- Born: November 1948 (age 77) U.S.
- Occupations: President Gordon-Conwell Theological Seminary, author, professor
- Spouse: Mary Ann Hollinger

Academic background
- Education: Elizabethtown College, B.A.; Trinity Evangelical Divinity School, M.Div.; Drew University, Ph.D. and M.Phil; Oxford University, post-doctoral studies
- Thesis: American Individualism and Evangelical Social Ethics: a study of Christianity today, 1956-1976 (1981)

Academic work
- Institutions: Evangelical Theological Seminary Messiah College Associated Mennonite Biblical Seminary Alliance Theological Seminary Gordon-Conwell Theological Seminary

= Dennis Hollinger =

Dennis P. Hollinger (born November 1948), is the President Emeritus and the Distinguished Senior Professor of Christian Ethics of Gordon-Conwell Theological Seminary, as of 2019. He served as president and Colman M. Mockler Distinguished Professor of Christian Ethics from 2008 to 2019. He also serves as a Distinguished Fellow with The Center for Bioethics & Human Dignity. Hollinger attended Elizabethtown College for his B.A., Trinity Evangelical Divinity School for his M.Div., Drew University for Ph.D., and has conducted post-doctoral studies at Oxford University.

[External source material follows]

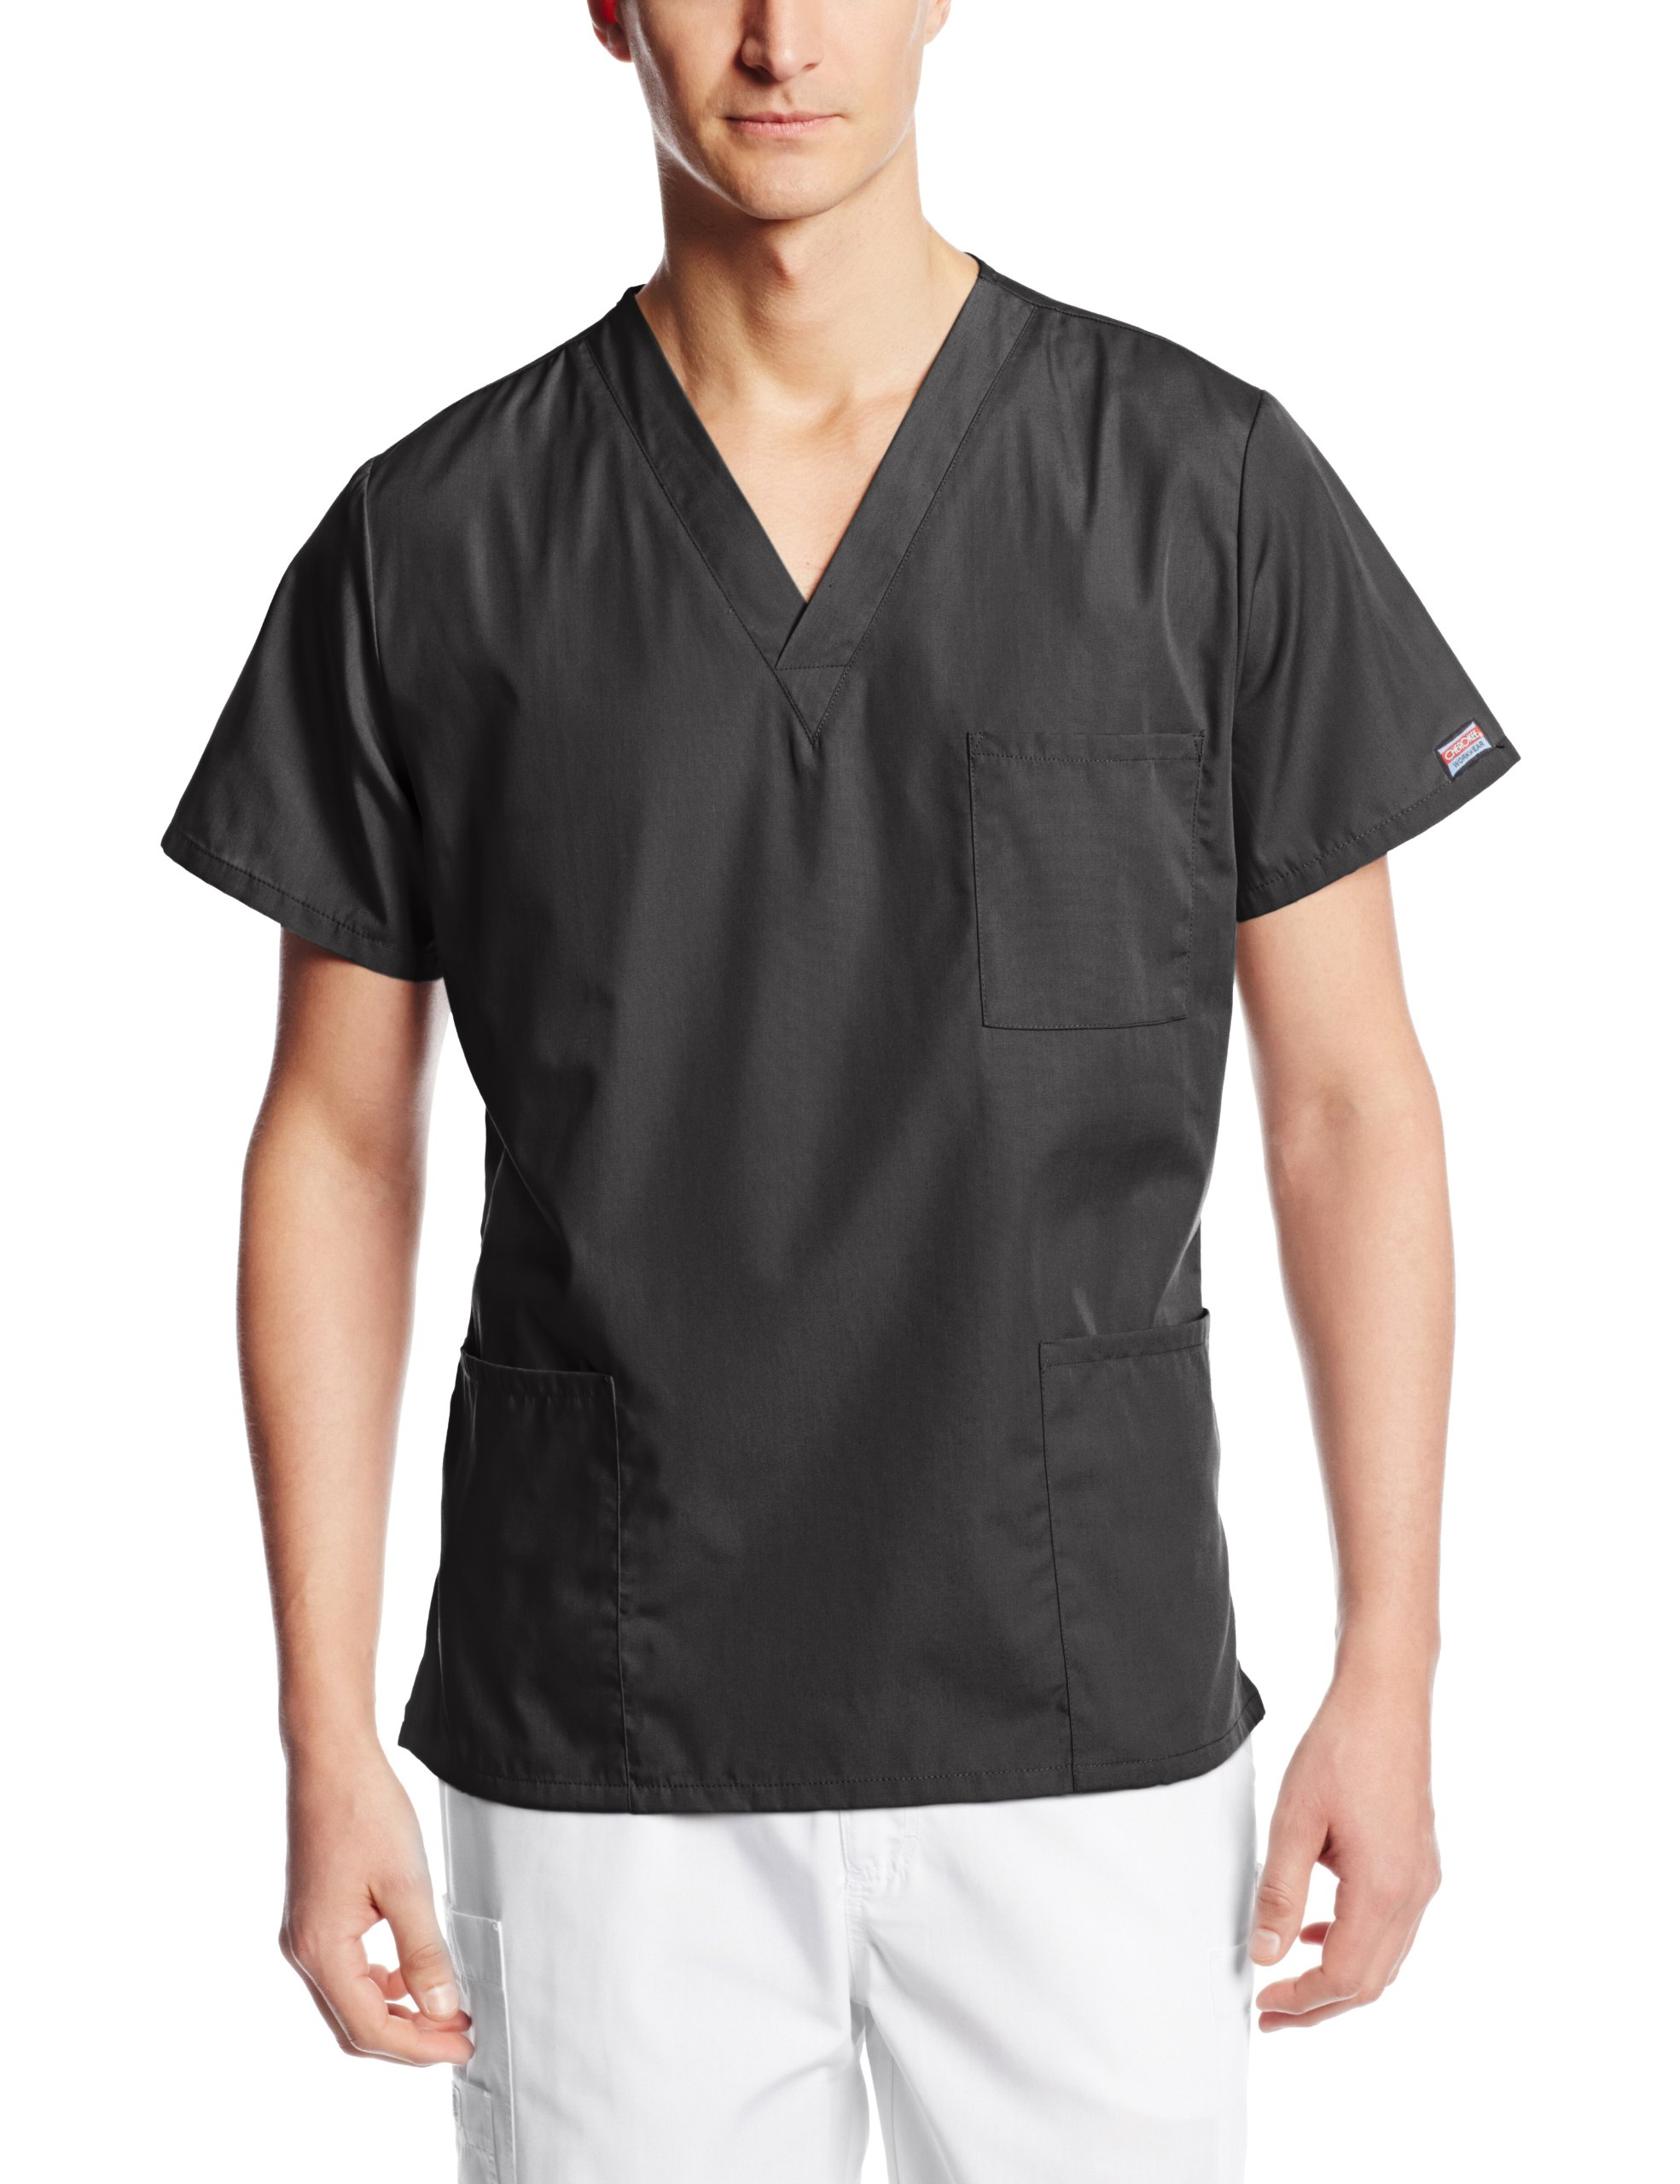 Cherokee Workwear Scrubs Unisex V-Neck Top, Black, X-Large

Hollinger previously held academic appointments at Evangelical Theological Seminary in Myerstown, Pennsylvania, Messiah College in Grantham, Pennsylvania, Associated Mennonite Biblical Seminary in Elkhart, Indiana, and Alliance Theological Seminary in Nyack, New York.

==Works==
===Thesis===
- "American Individualism and Evangelical Social Ethics: a study of Christianity today, 1956-1976" (1981)

===Books===
- "Individualism and Social Ethics: An Evangelical Syncretism" (1983)
- "Choosing the Good: Christian Ethics in a Complex World" (2002)
- "Head, Heart & Hands: Bringing Together Christian Thought, Passion and Action" (2005)
- "Meaning of Sex, The: Christian Ethics and the Moral Life" (2009)

===Chapters===
- Moo, Douglas J. (1997). "The gospel and contemporary perspectives"

===Journal articles===
- "The Three H's of Christian Maturity" (1987)
- "Can Bioethics Be Evangelical?" (1989)
- "Spirituality on Campus: Cultural Impact at Christian Colleges and Universities" (2001)
- "Preaching to Head, Heart and Hands: A Holistic Paradigm for Proclaiming the Word" (2007)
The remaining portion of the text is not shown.